If you get any of these things wrong, a creditor’s right to vote may be affected. This result can sometimes make the difference between the success or not of a DOCA proposal.

In voluntary administrations, the administrator must admit all debts or claims that would be legally enforceable and provable in a liquidation. This includes debts and receivables, unliquidated or contingent, present or future. There is therefore a wide range of potentially admissible requests.

The details of the evidence should be: “sufficient to show, at least on a prima facie level, the existence of the claimed debt or claim”: Selim v McGrath [2003] NSWSC 927.

The insolvency practitioner or presiding officer must act quasi-judicially when considering evidence of debt – like a judge. If it is a claim for damages, they must apply the usual rules for assessing damages. The administrator must also take into account pre-existing elements of which they are already aware, as they may be found in the books of the company.

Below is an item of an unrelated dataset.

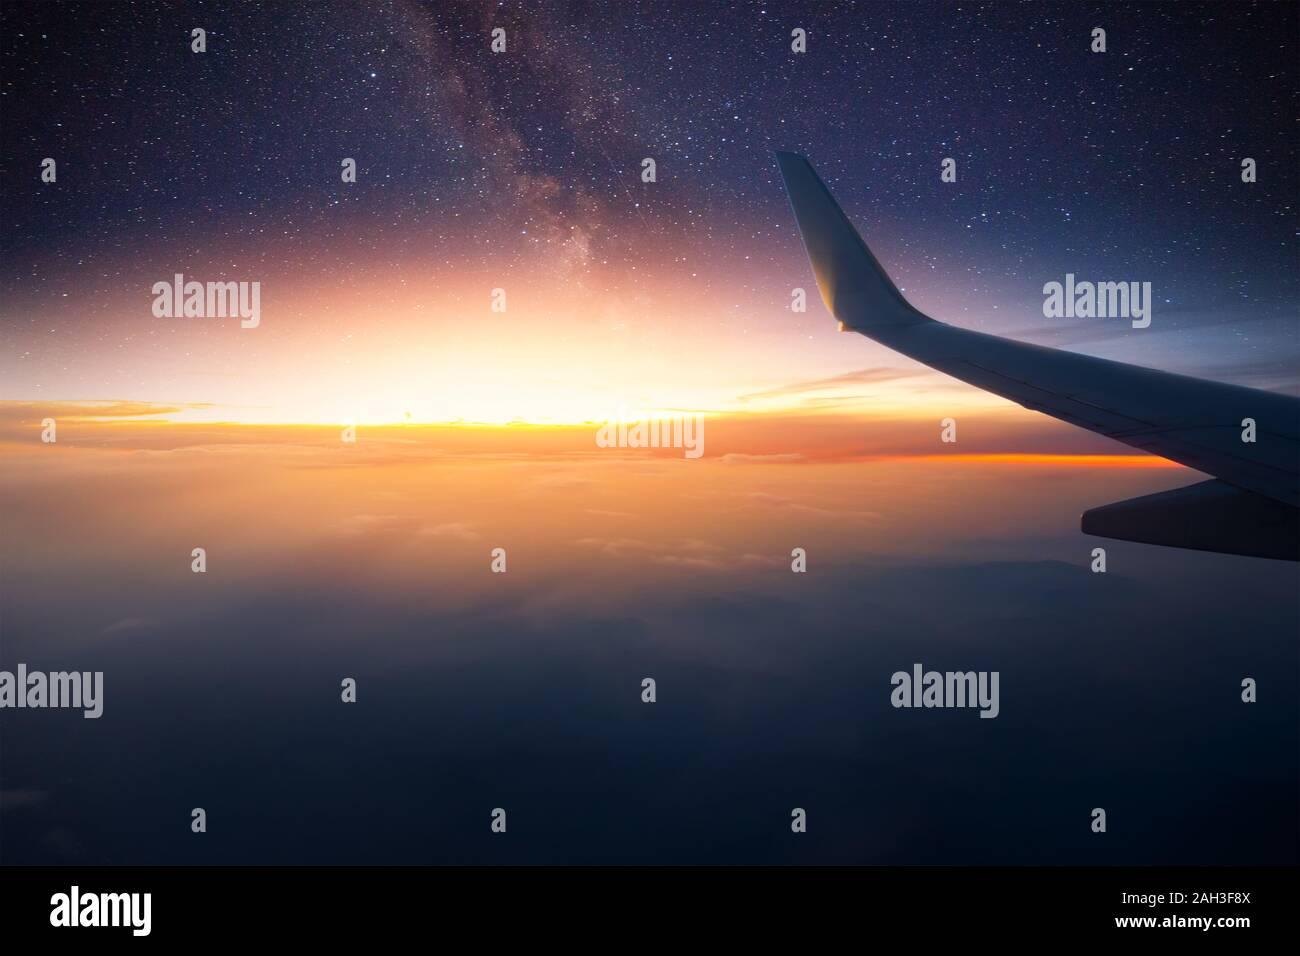 Avión está volando en la noche. El espacio de la Vía Láctea vista desde la ventana de avión. Claro oscuro cielo estrellado. Foto de stock

If, as is often the case, the administrator requires formal proof of debt, the proof of debt form sent with the notice could lead the creditor to believe that little proof of the debt or claim. The form also does not invite you to submit supporting documents (called “supporting documents”) with the form. It’s just looking for a description of “supporting documentation”: Corporations Regulation 5.6.50. The administrator can then request the documents described.

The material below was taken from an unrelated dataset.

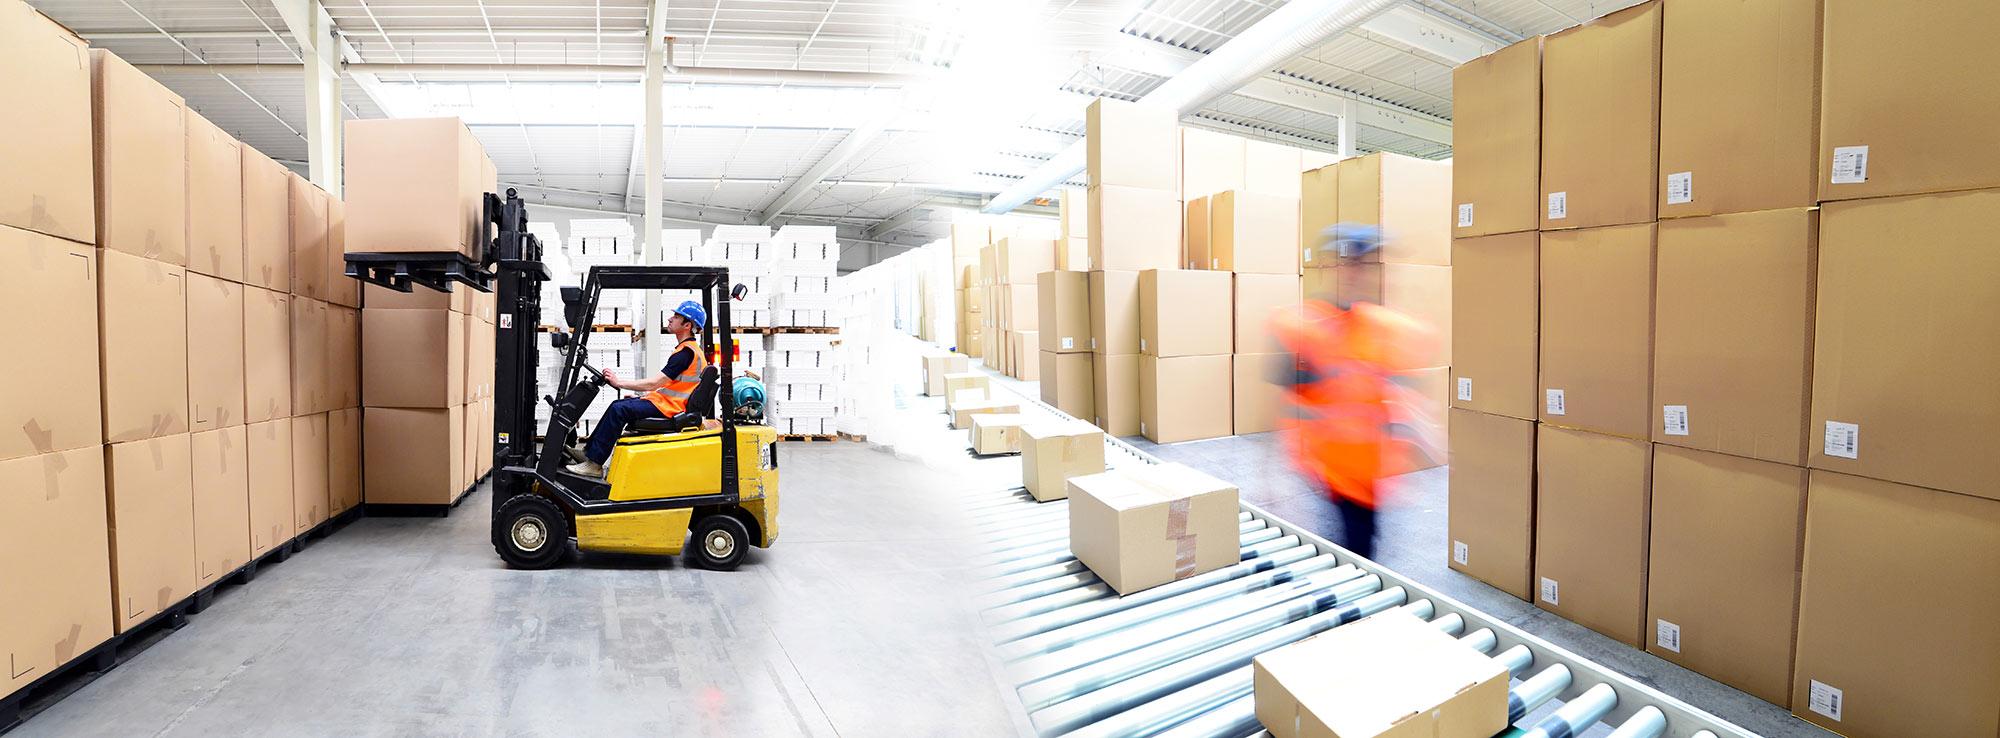 Mitarbeiter Logistik/Lager (m/w/d)

Ideally, I suggest that creditors carefully describe the basis of the debt or claim and the documents proving their debt or claim and also attach the relevant supporting documents when returning the proof of claim. This method will maximize the chances that the evidence will be admitted at the meeting. This will provide the admin with the evidence they need to properly assess the request.

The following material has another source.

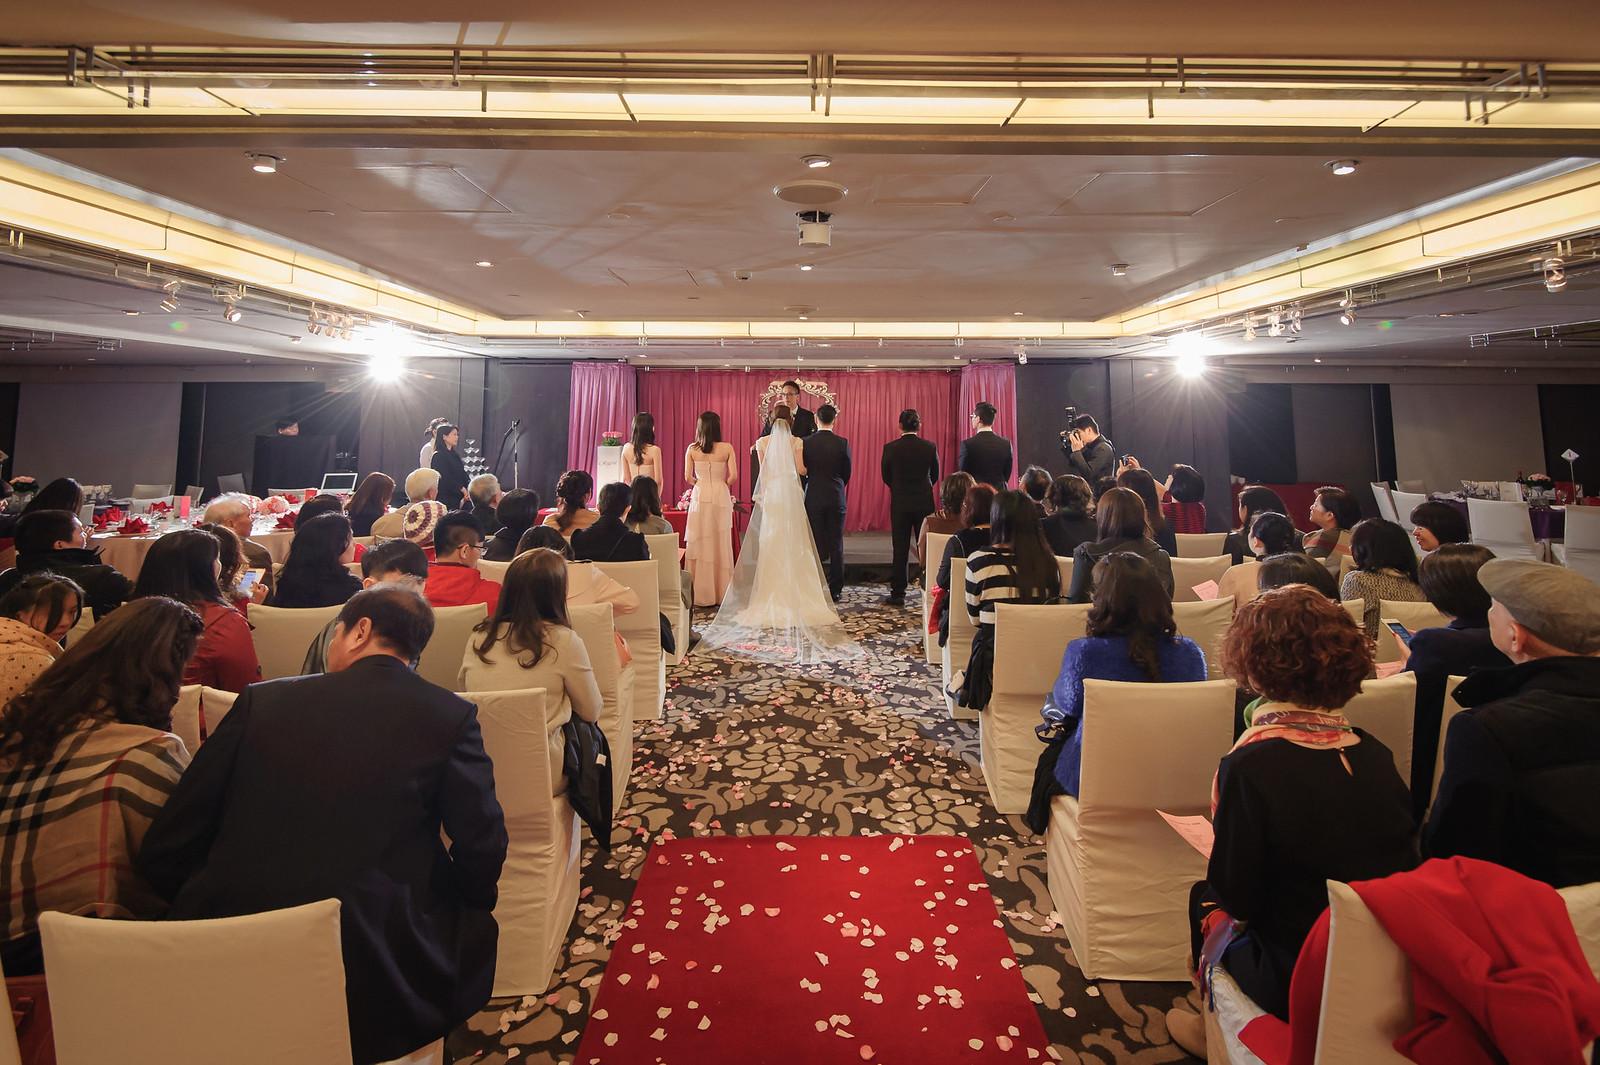 台北婚攝, 婚禮攝影, 婚攝, 婚攝守恆, 婚攝推薦, 晶華酒店, 晶華酒店婚宴, 晶華酒店婚攝-38

If the claim is based on a verbal contract or oral misrepresentation, a statutory declaration from the person(s) who spoke the relevant words may have to be presented.

In some cases, quite substantial elements may have to be provided if the debt is not liquidated or is conditional. Proving a claimed amount of damages can be a complex exercise. If such proof of debt is filed shortly before a meeting, it could make the chairman’s job very difficult and hurt the creditor’s chances. The law recognizes that the task of the administrator or the president can be: “of a somewhat sketchy nature”…do one’s best by referring to the factual elements provided by the applicant“: The case of Selim.

If legal proceedings are ongoing but undecided regarding the claim, the administrator will likely need to see the pleadings as a starting point, if any pleadings exist.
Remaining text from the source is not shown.